| WORK ORDER |
Reprint all of the data below exactly as shown and skip every image.

| INFORMATION SHOWN |
-- Opening Marker --
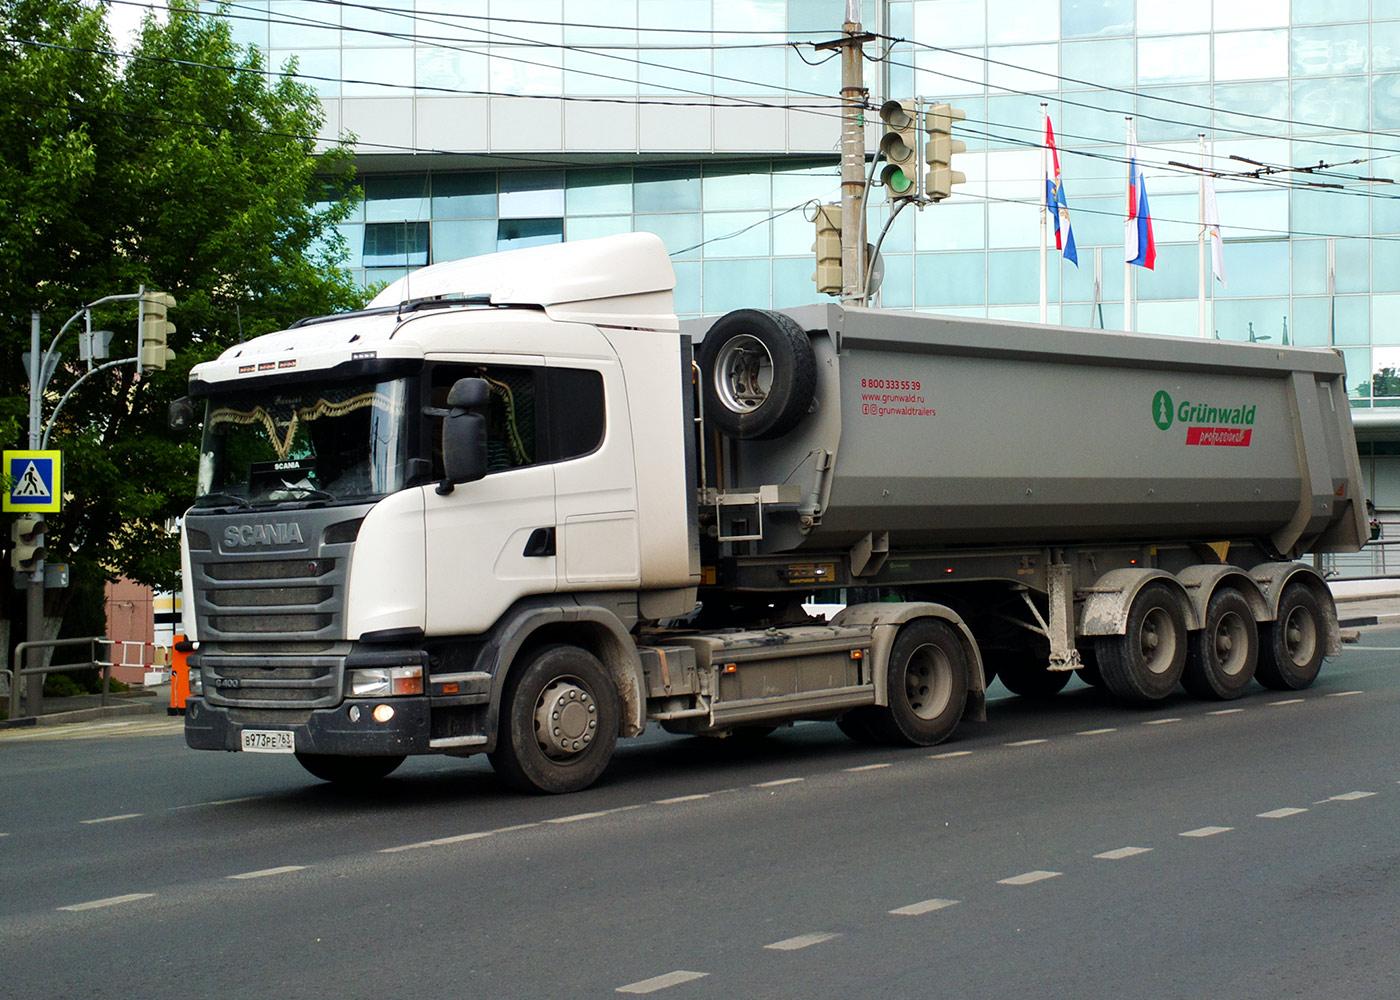 Седельный тягач Scania G400 с самосвальным полуприцепом Grünwald Gr.T31-SH #В973РЕ763. г. Самара, Волжский проспект
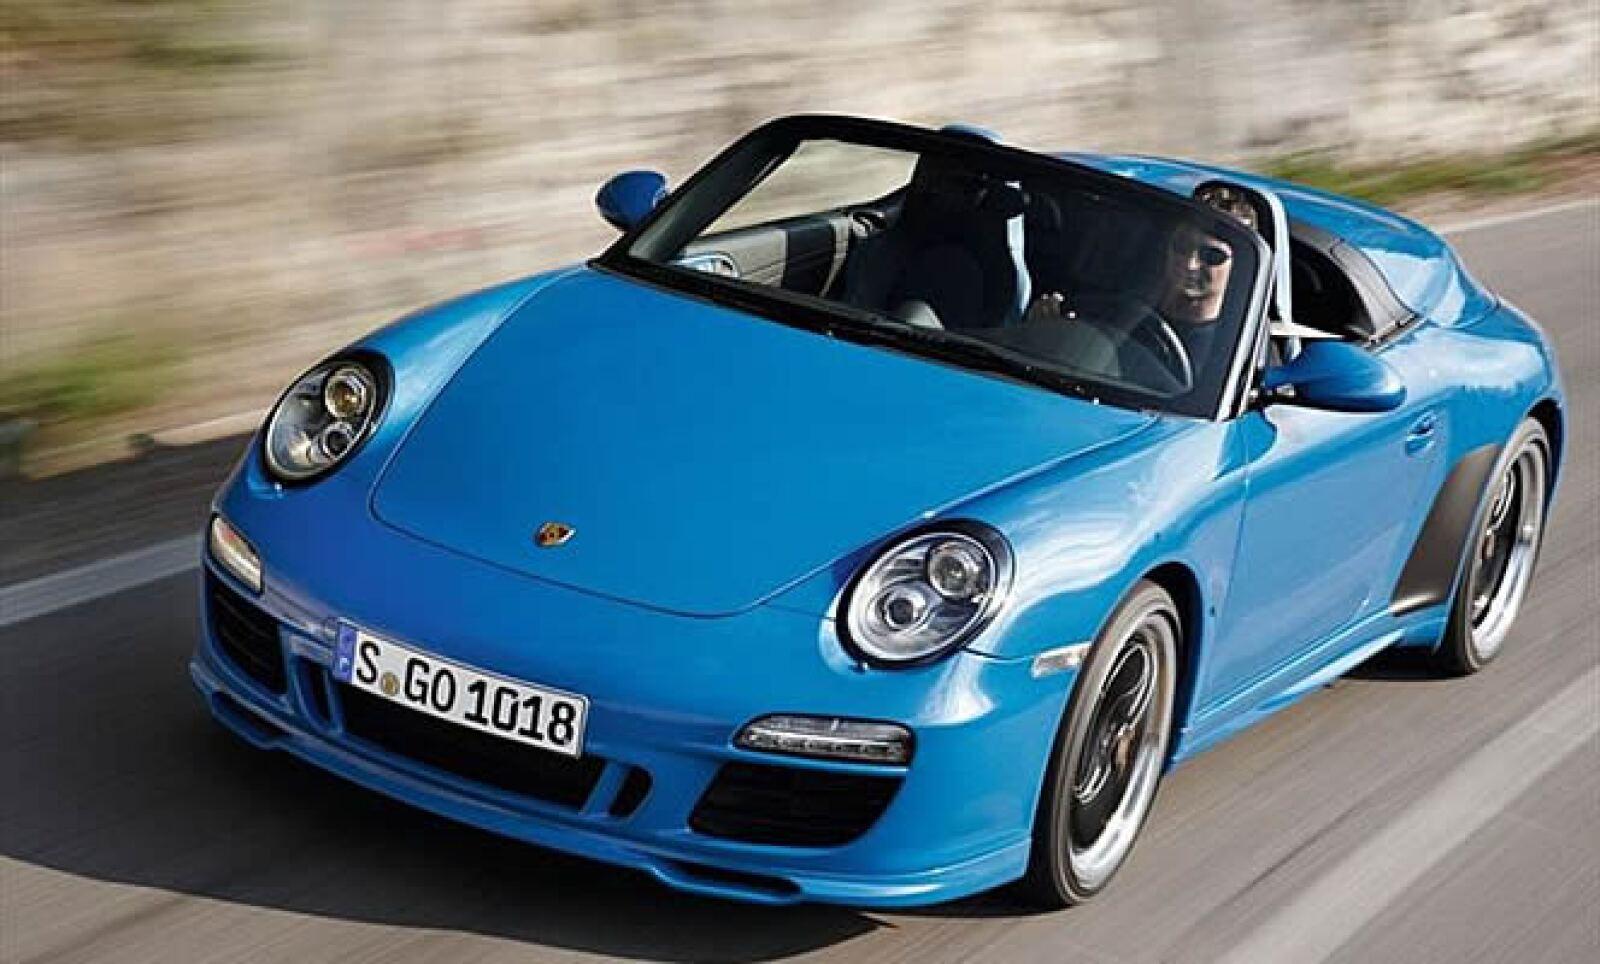 La alemana Porsche le exprime todavía más jugo a su emblemático 911, en esta ocasión con una edición limitada a 356 unidades (en honor al Porsche 356, que fuera el primero en ser denominado como Speedster).
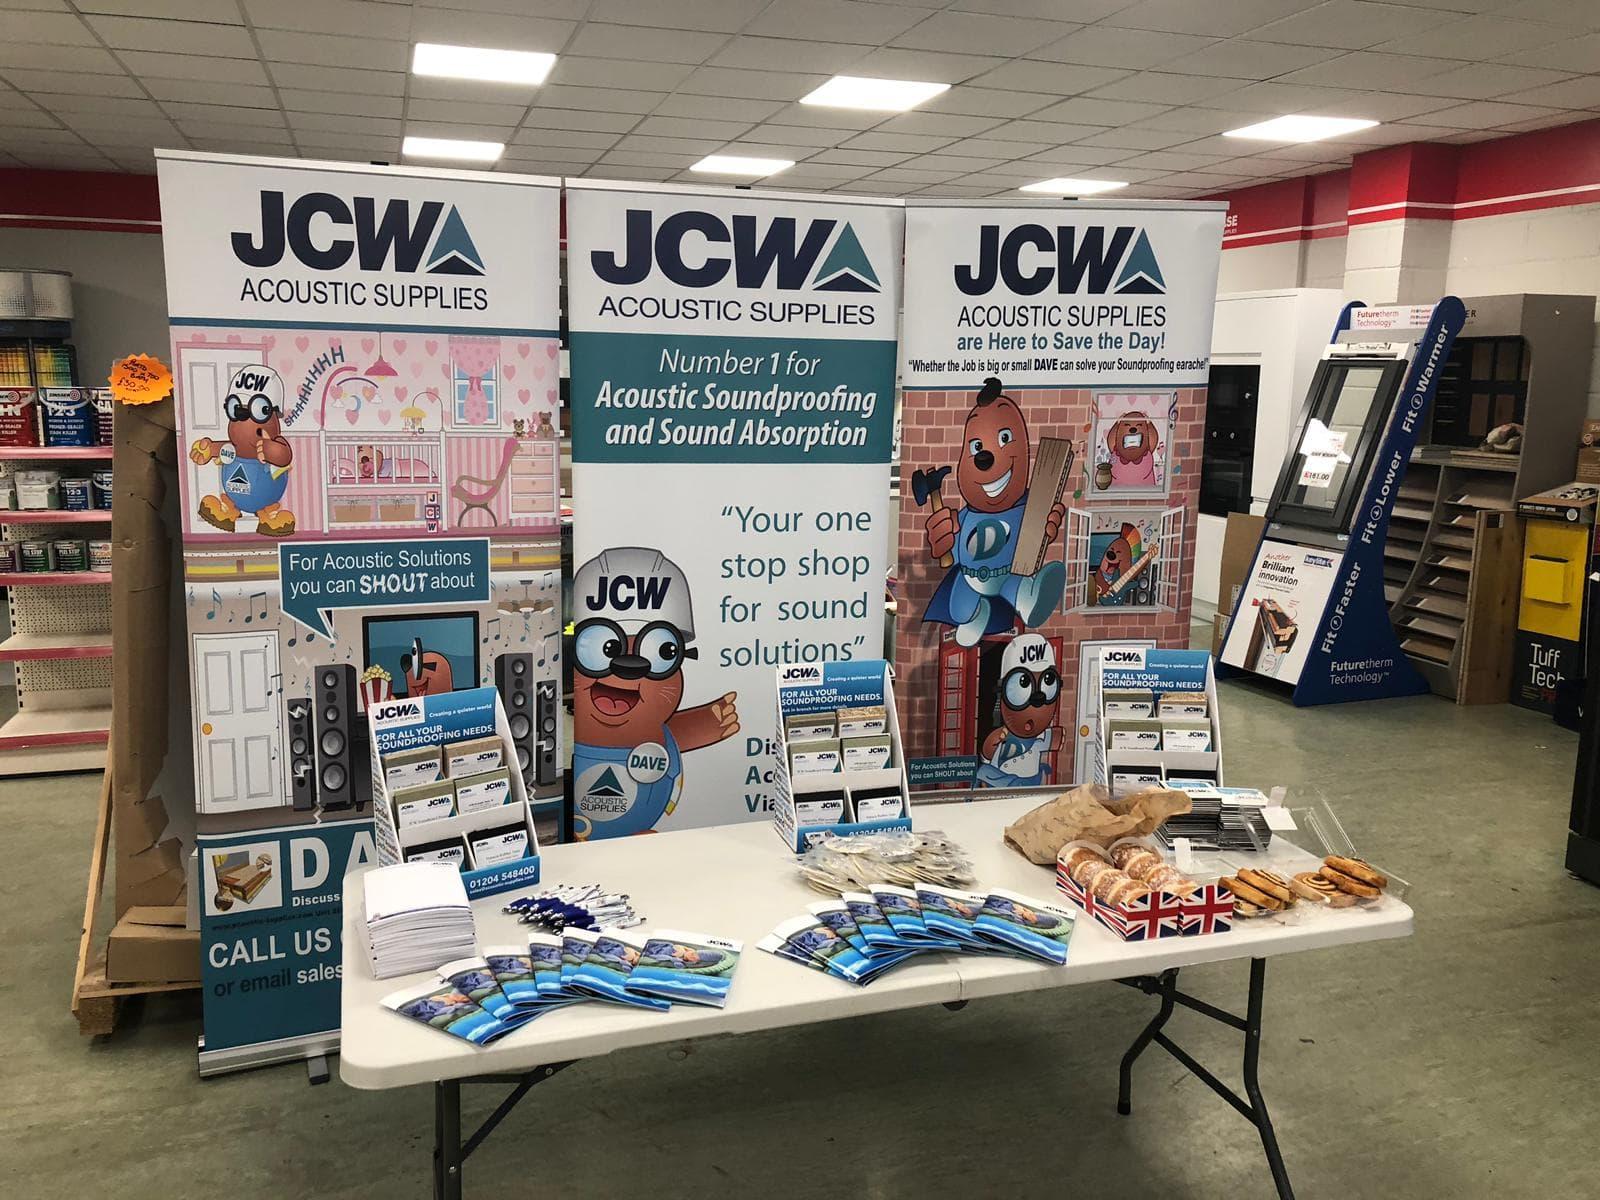 #JCWOnTOur Acoustic Supplies road show
-- Closing Marker --
| SOLUTION BELOW |
 Седельный тягач Scania G400 с самосвальным полуприцепом Grünwald Gr.T31-SH #В973РЕ763. г. Самара, Волжский проспект
 La alemana Porsche le exprime todavía más jugo a su emblemático 911, en esta ocasión con una edición limitada a 356 unidades (en honor al Porsche 356, que fuera el primero en ser denominado como Speedster).
 #JCWOnTOur Acoustic Supplies road show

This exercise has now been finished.